The complex interrelationship between bioenergy and food security, and the challenges posed by the growing demand for food and fuel in an increasingly carbon-constrained world

by Andrea Rossi and Yianna Lambrou

Growing global demand for liquid biofuels may affect three dimensions of food security – availability, access and stability. Large-scale plantations for liquid biofuel production (LBP), with their high input requirements, may divert land and other resources, such as water, away from food crops. In addition, these plantations, due to their high profitability, may be established on high-quality lands, reducing the availability of such lands for growing food and subsistence crops.

The potential loss of agro-biodiversity poses a serious threat to rural livelihoods and long-term food security as well. LBP may also have a negative impact on the livestock sector, which is key to the food security of rural households, through a reduction in the availability of grazing land and an increase in the price of livestock feed due to the growing use of agricultural commodities for LBP. All these factors, combined, might negatively affect food availability.

At the same time, liquid biofuel production has an impact on food access. The emerging liquid biofuel industry is a new, fast growing source of demand for agricultural commodities such as sugar, maize, oilseeds, palm oil and cassava. This, combined with other factors such as income and population growth, adverse weather conditions, and new or additional trade barriers and export restrictions, has contributed to higher food prices. Some studies have tried to measure the impact of LBP on food prices, reaching different conclusions. According to IFPRI's estimates, in 2000-2007 increased demand for liquid biofuels has contributed to 30% of the growth of cereal prices, calculated as a weighted average.

Rising prices of food, feed, fuel

Demand for agricultural commodities for food, feed and, in particular, fuel is expected to continue to increase rapidly in the future. OECD/IEA estimates that, between 2008 and 2017, 20% of world vegetable oil production and 13% of world coarse grain production could shift to liquid biofuel production, up from 9% and 8% in 2007. Regarding the future impact of liquid biofuels on food prices, IFPRI projects that, in 2020, real prices of oilseeds and maize will be 18 and 26% higher than in the scenario with LBP at 2007 levels. According to OECD/IEA, current biofuel support measures alone are expected to increase average vegetable oil prices by about 19%, maize by around 7% and wheat by about 5% in 2008-2017.

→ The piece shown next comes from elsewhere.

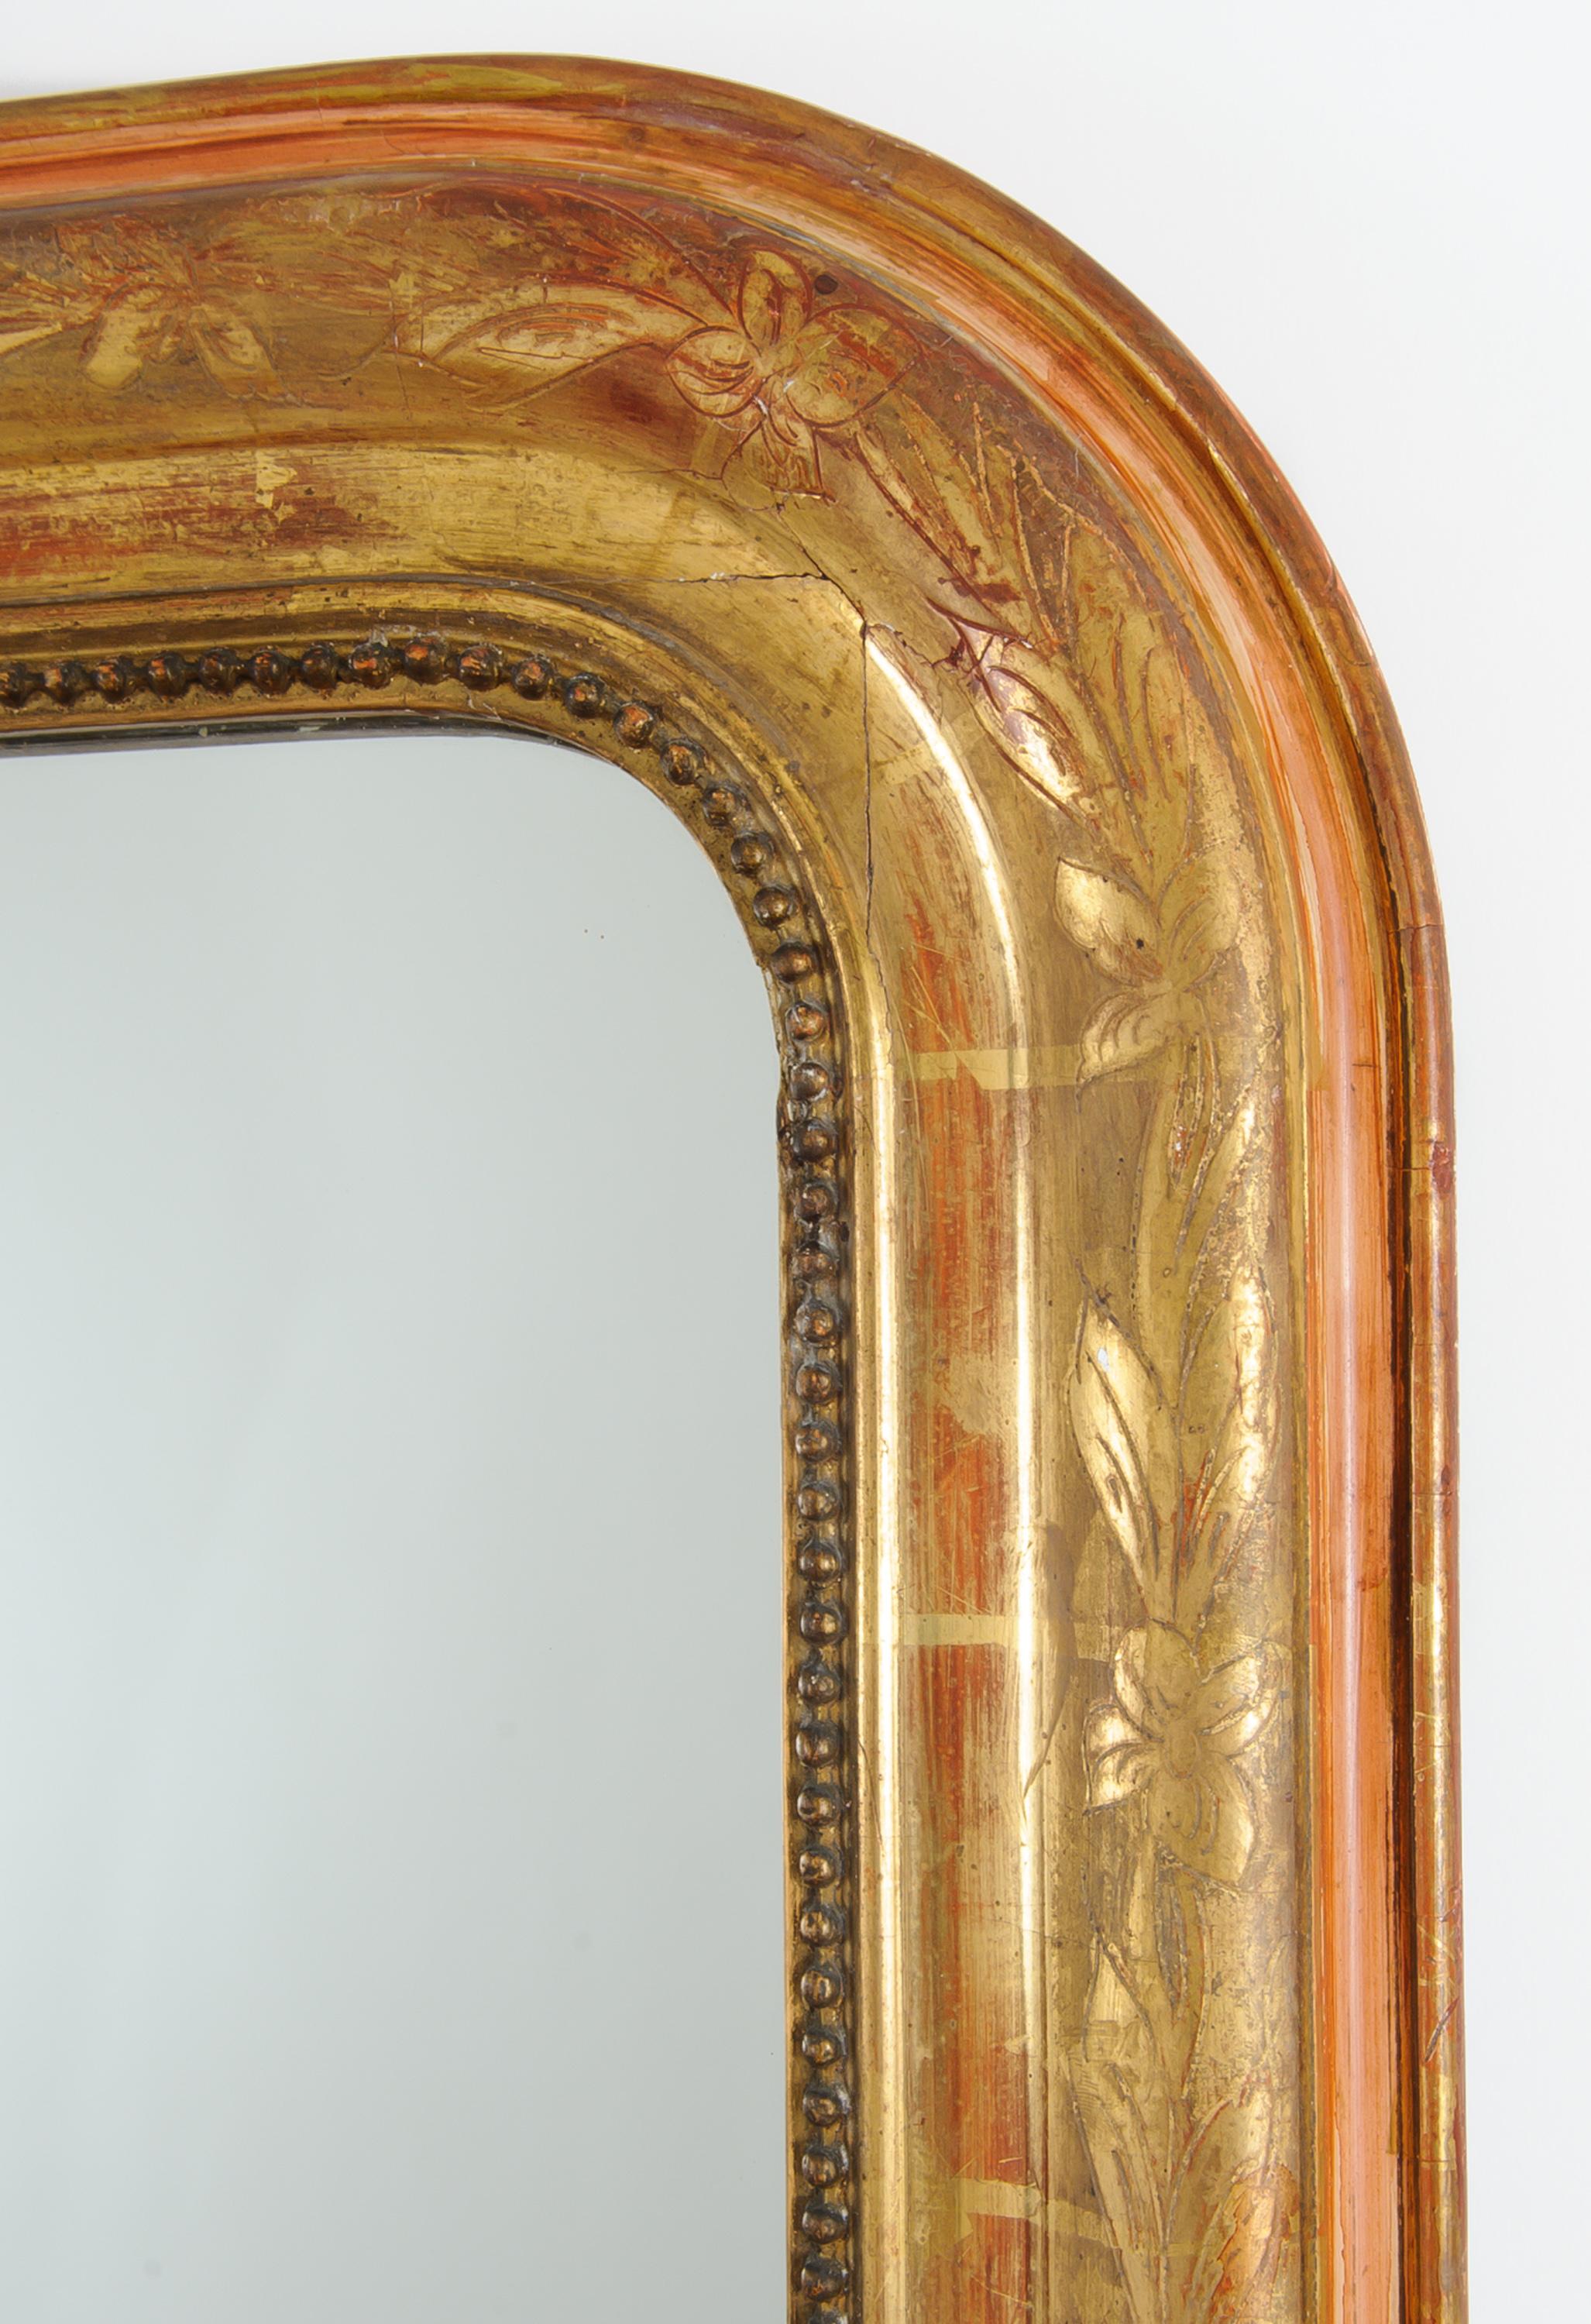 Ce miroir d'époque a la finition d'origine en feuille d'or brillante avec un motif floral sur tout le cadre.  Il est entouré de perles finement sculptées. La couche de bole rouge est apparente et complète joliment la finition de la feuille d'or, qui

Higher food prices represent an opportunity for food-exporting developing countries, which can enjoy increased export revenues; similarly, at the household level, net producers of food stand to benefit from increased food prices, through a positive income effect, which might result in an increase in food access for these households.

Forty-three of the 52 Least Developed Countries (LDCs), however, are net importers of food. Significant increases in food prices threaten the trade balance and, more in general, the macroeconomic stability and overall economic growth of these countries, which will also struggle to meet domestic food demand17. According to OECD/FAO, projections show greatly increased vulnerability and uncertain food supplies for these countries, due to high commodity prices and high price volatility.

As increases in food prices are transmitted from the global to the local markets, households that are net purchasers of food, particularly those that are also at risk of being excluded from LBP, such as female-headed households, will be negatively affected as well. Most households in LDCs and particularly Low Income Food Deficit Countries fall into the category of net food purchasers. In Malawi and Bangladesh, for instance, only 11.8 and 15.7% of households, respectively, are net staple food sellers, with higher percentages in rural areas and lower in urban areas. Among poor rural households with less than a dollar a day, the percentage of net sellers is even lower: 8.6 in Bangladesh and 7.6 in Malawi.

Food budgets of poor households

Poor rural households spend 50 to 70% of their budget on food. In addition, in low-income households, staple food commodities such as corn and wheat account for a larger share of food expenditures. Access to food might be considerably reduced for these households. In addition, higher food prices reduce the purchasing power of net-food-buyer households, affecting the purchase of other goods and services such as drinking water, health care, education, and lighting, all of which represent important inputs into nutrition and are, at the same time, key to the welfare and health of household members.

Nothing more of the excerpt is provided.